Acoustic reconstruction in photoacoustic imaging

Introduction:
Photoacoustic (PA) imaging is an emerging technology that has a wide range of applications in both biological and clinical studies such as hemodynamics, oxygen metabolism, biomarkers, and gene expression [1-2]. PA is a coupled-physics imaging modality: light is sent to the surface of the sample and ultrasound is detected as measurement. Therefore, PA is advantageous to pure optical or ultrasound imaging technologies as it achieves good optical contrast at high acoustic resolution.
Motivation of the project:
The forward model of PA is composed of two parts: photon excitation (optical) and ultrasound detection (acoustic). This project focuses on the acoustic part.
The acoustic reconstruction algorithm varies with the experimental setup, e.g. the geometry of the detector. There are three common geometries: planar, cylindrical and spherical (see above, [4]). We are interested in designing robust reconstruction algorithms under different setups.
Tasks:
The student will gain insight into computational imaging by learning how to build a mathematical model based on the physics of PA imaging, formulate the corresponding forward model and inverse problems, design and implement reconstruction algorithms, and finally test the algorithms on numerical phantoms.
Prerequisites:
Solid background in analysis and basic physics, good programming skills (mainly Python for this project), and enthusiasm in biomedical imaging.
References:
[1] Wang, L. V. & Hu, S. Photoacoustic Tomography: In Vivo Imaging from Organelles to Organs.

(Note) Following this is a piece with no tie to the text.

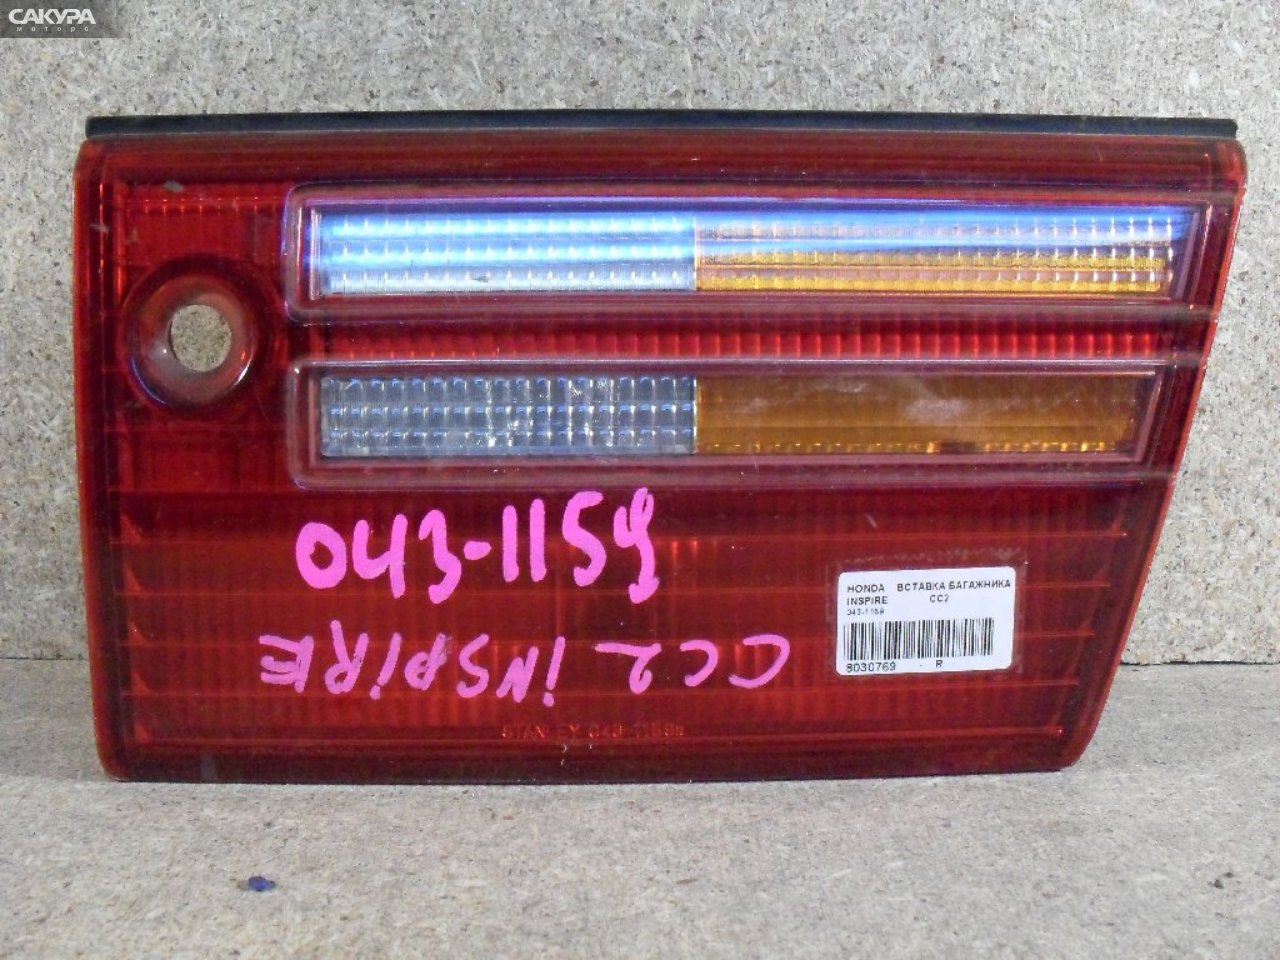 Фонарь вставка багажника правый Honda Inspire CC2 043-1159: купить в Сакура Абакан.
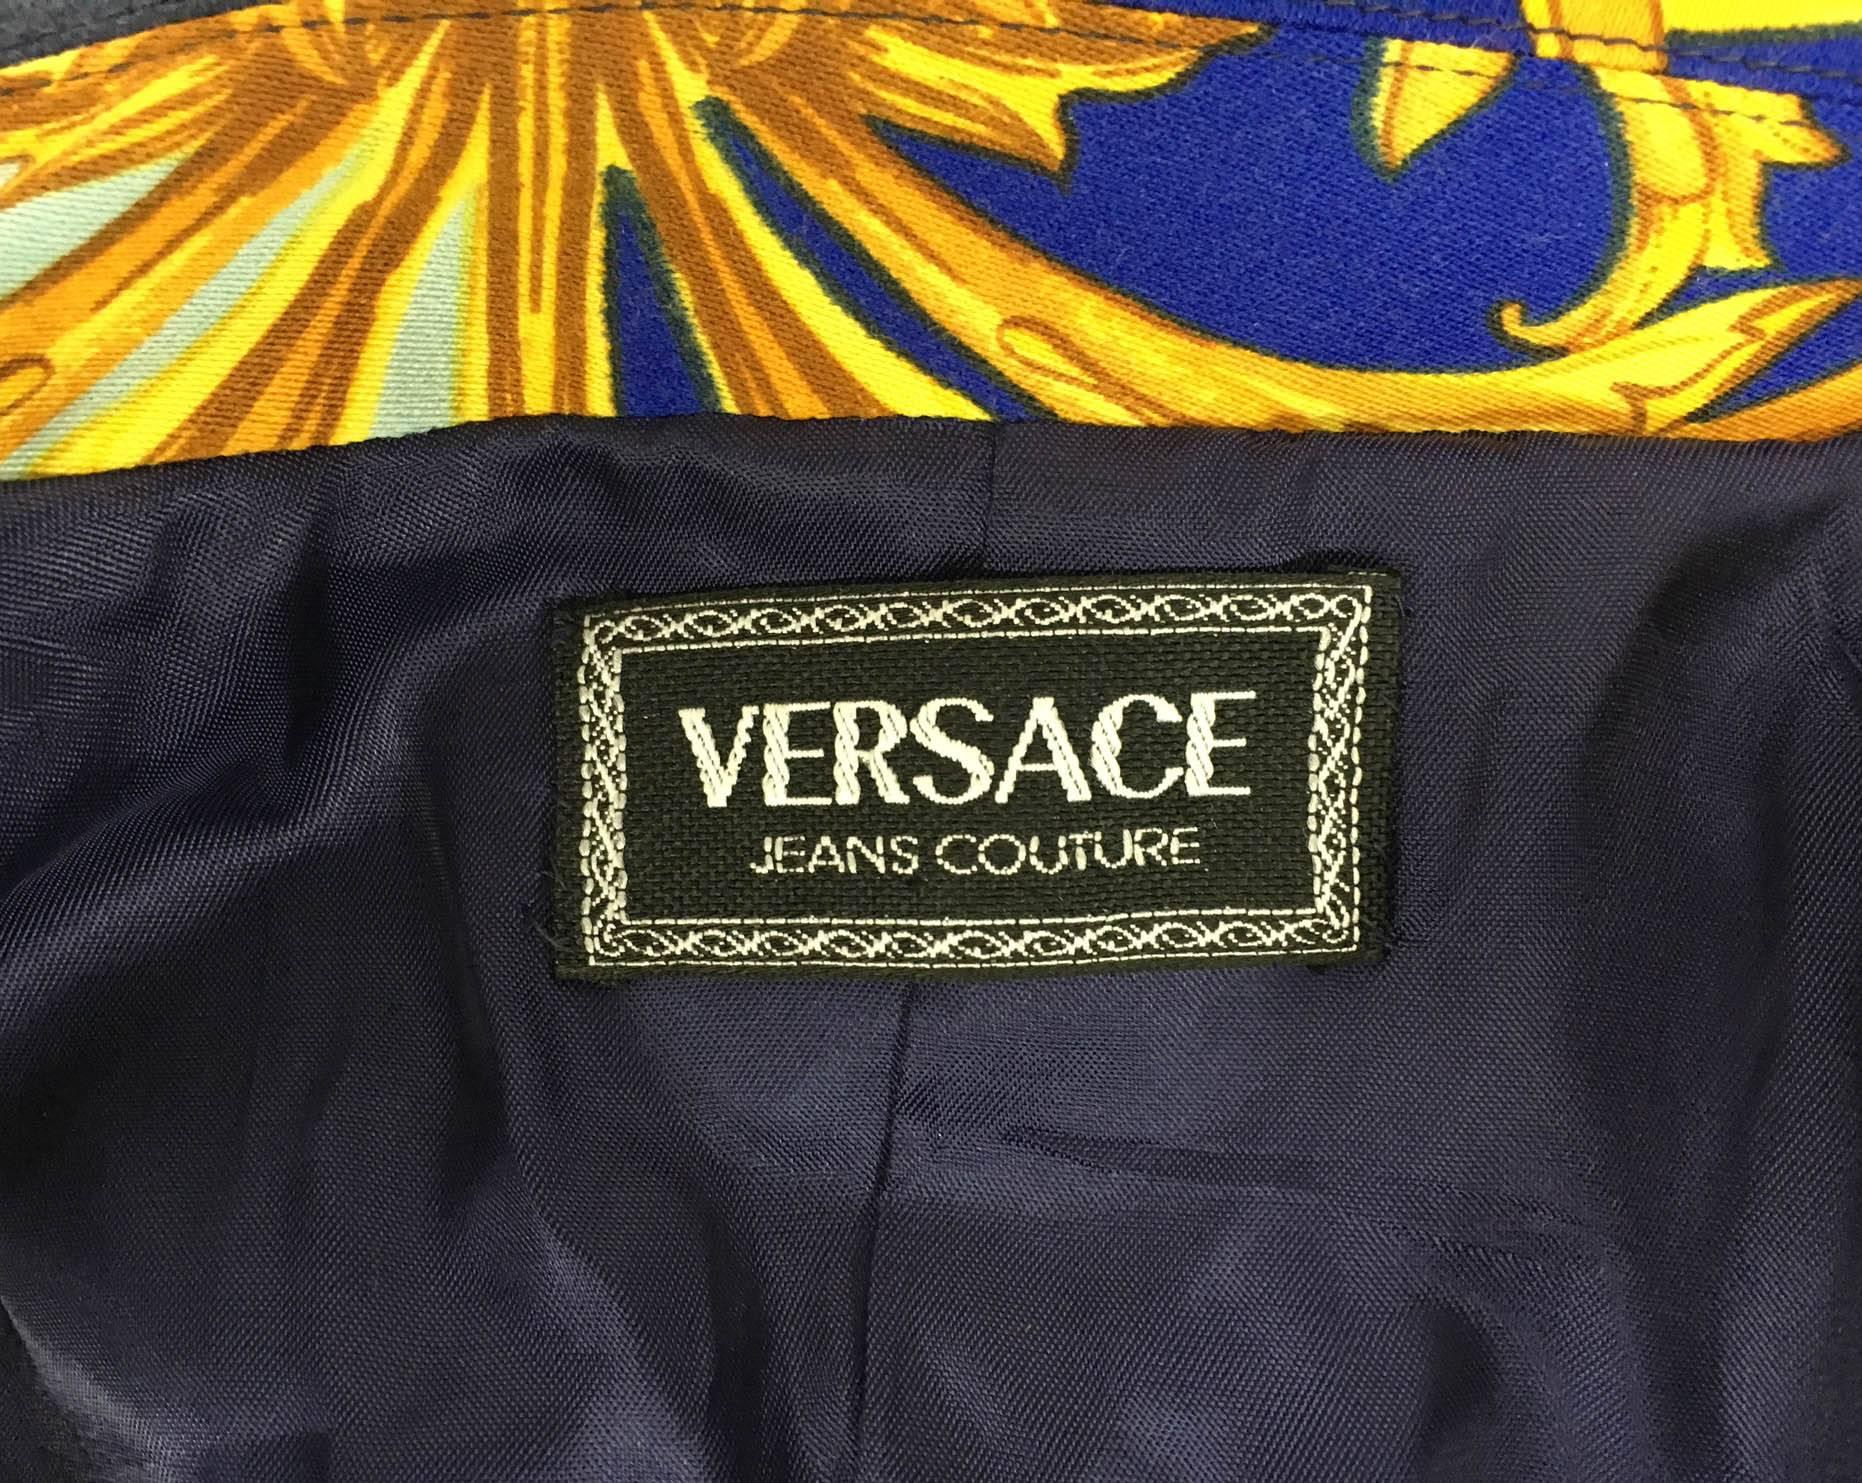 Versace Baroque Print Jacket - 1990s 5

Science 335, 1458–1462 (2012).
[2] Wang, L. V. Multiscale photoacoustic microscopy and computed tomography. Nature Photon 3, 503–509 (2009).
[3] Wang, L. V. & Yao, J. A practical guide to photoacoustic tomography in the life sciences. Nat Methods 13, 627–638 (2016).
[4] Xu, M. & Wang, L. V. Universal back-projection algorithm for photoacoustic computed tomography. Phys. Rev. E 71, 016706 (2005).